Because these issues are record-driven, the best first step is to identify the exact immigrant category, confirm whether PERM was required, and then compare the labor certification line-by-line to the I-140/petition evidence (employer, job, location, duties, and timeline).

Options and next steps for INA 212a5A

INA 212a5A is usually a documentation and category issue: either PERM was required and the case file does not contain a valid labor certification that matches the petition, or the case should have been filed under a PERM-exempt pathway (such as Schedule A) and the correct exemption documentation was not used.

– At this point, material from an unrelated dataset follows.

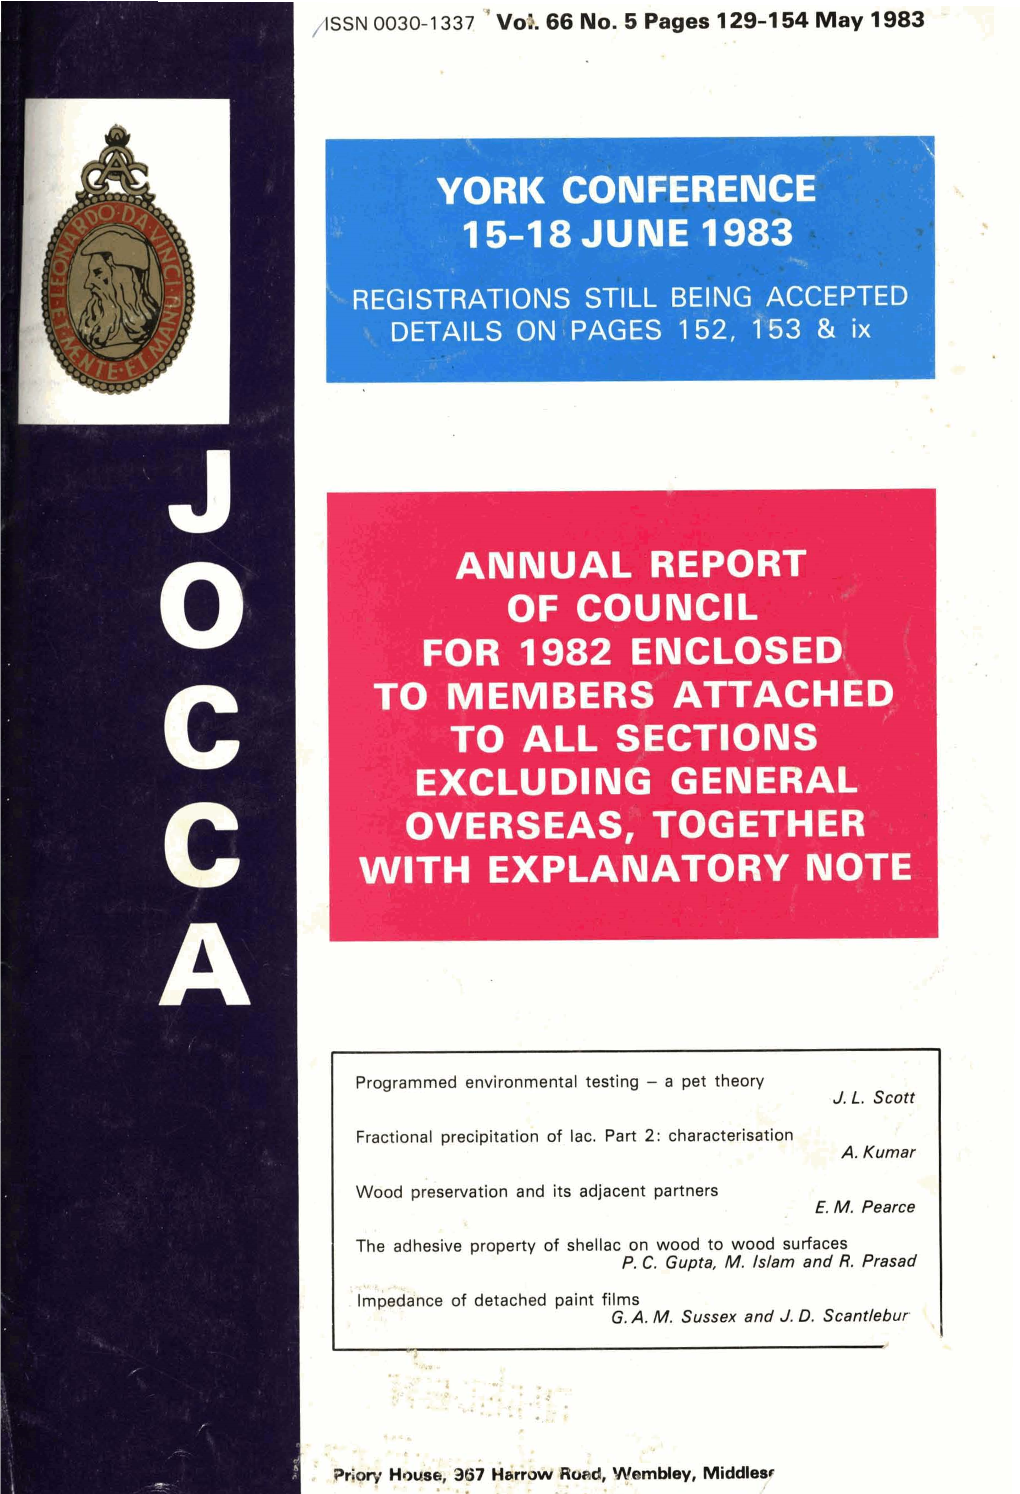 Journal of the Oil and Colour Chemists' Association 1983 Vol.66
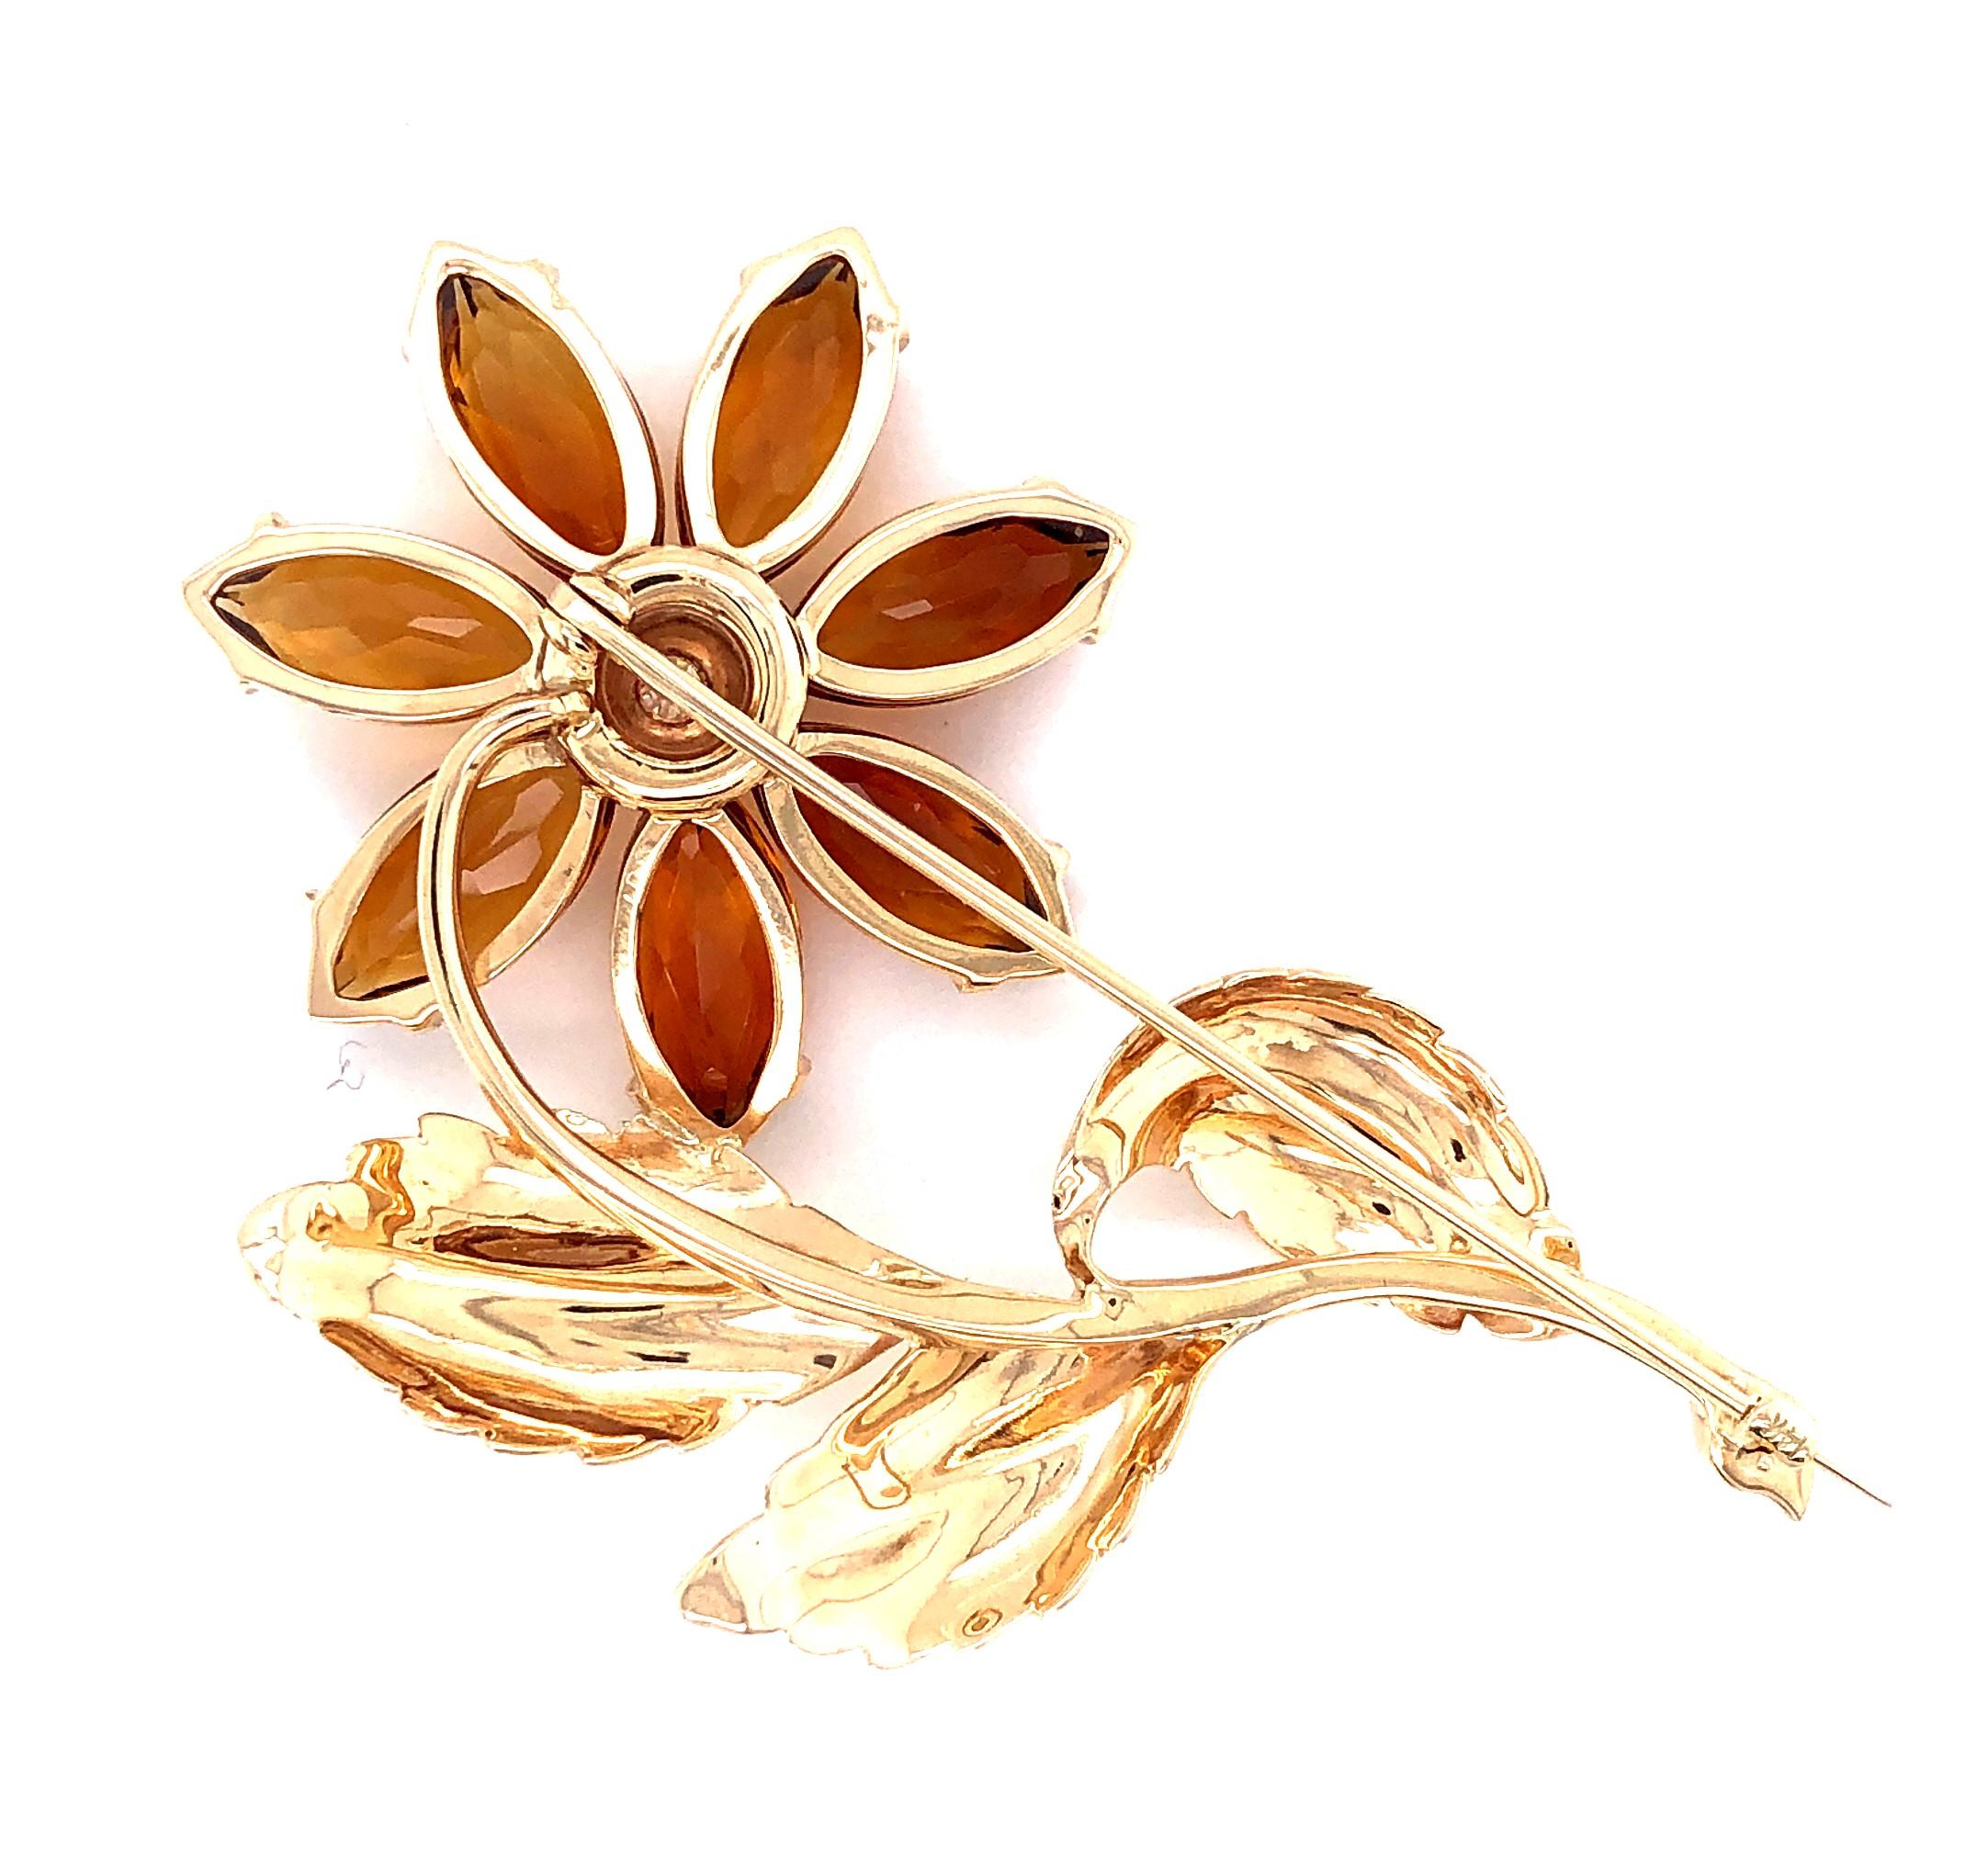 One 14 karat yellow gold brooch set with seven 14.5 x 7mm marquise shaped citrines and one bezel set round brilliant diamond, approximately 0.07 carat with H/I color and SI1/SI2 clarity.

Practical next steps typically include:

  • Confirming the exact immigrant category and whether PERM was required for that category
  • Comparing the labor certification to the immigrant petition evidence (employer, job title, duties, location, and timeline) to confirm they match
  • Supplying missing PERM records or corrected documentation where the issue is an incomplete or mismatched file
  • If the case is PERM-exempt (for example, Schedule A), ensuring the correct exempt process and supporting documentation are used
  • If the issue arose at a consulate, responding with the correct labor certification record and consistent petition documentation

Because this ground is record-driven, the fastest path is usually to identify the mismatch and fix the documentation/category issue rather than treating it like a general waiver problem.

Frequently asked questions about INA 212a5A (212(a)(5)(A))

What is INA 212a5A?

INA 212a5A (INA 212(a)(5)(A)) is the labor certification (PERM) ground of inadmissibility. It can apply when a labor certification is required for the immigrant category but a valid, matching labor certification is not properly obtained or presented.

Who needs a PERM labor certification?

PERM is commonly required for many EB-2 and EB-3 employment-based green card cases. Whether PERM is required depends on the exact immigrant category and filing posture.

What is Schedule A and how is it different from PERM?

Schedule A refers to certain pre-certified categories that use a different process than PERM. If a case qualifies for Schedule A, it is typically handled through the Schedule A process rather than standard PERM recruitment.

What documents are most important to fix a 212(a)(5)(A) issue?

The key documents are the labor certification record (where required) and proof that it matches the I-140/petition evidence (employer, job title, duties, location, and timeline). Consistency across the PERM and petition materials is critical.

Can INA 212a5A be waived?

Most 212a5A issues are resolved by correcting the category or documentation problem (PERM required vs exempt, or mismatched/missing labor certification). Waiver concepts can be limited and case-specific, so the first step is usually confirming whether PERM was required and whether the correct labor certification record exists.

How do 212(a)(5)(A) issues come up at a consulate?

Consular posts may request the labor certification and supporting employment documentation during immigrant visa processing. If the record is missing or does not match the petition, the case can be delayed until the correct documentation is provided.

News Related to INA § 212(a)(5)(A)
DateTitleDetails
December 1, 2020Schedule A Pre-Certified OccupationsCertain occupations are pre-certified by the DOL and listed on Schedule A, meaning they are exempt from the labor certification process due to recognized labor shortages.
January 24, 2014Maintaining Integrity in PERM: Program Compliance and AuditsThe DOL emphasized the importance of maintaining the integrity of the PERM program through compliance measures and audits.
December 27, 2004PERM Final RuleThe Department of Labor (DOL) published a final rule to streamline the labor certification process.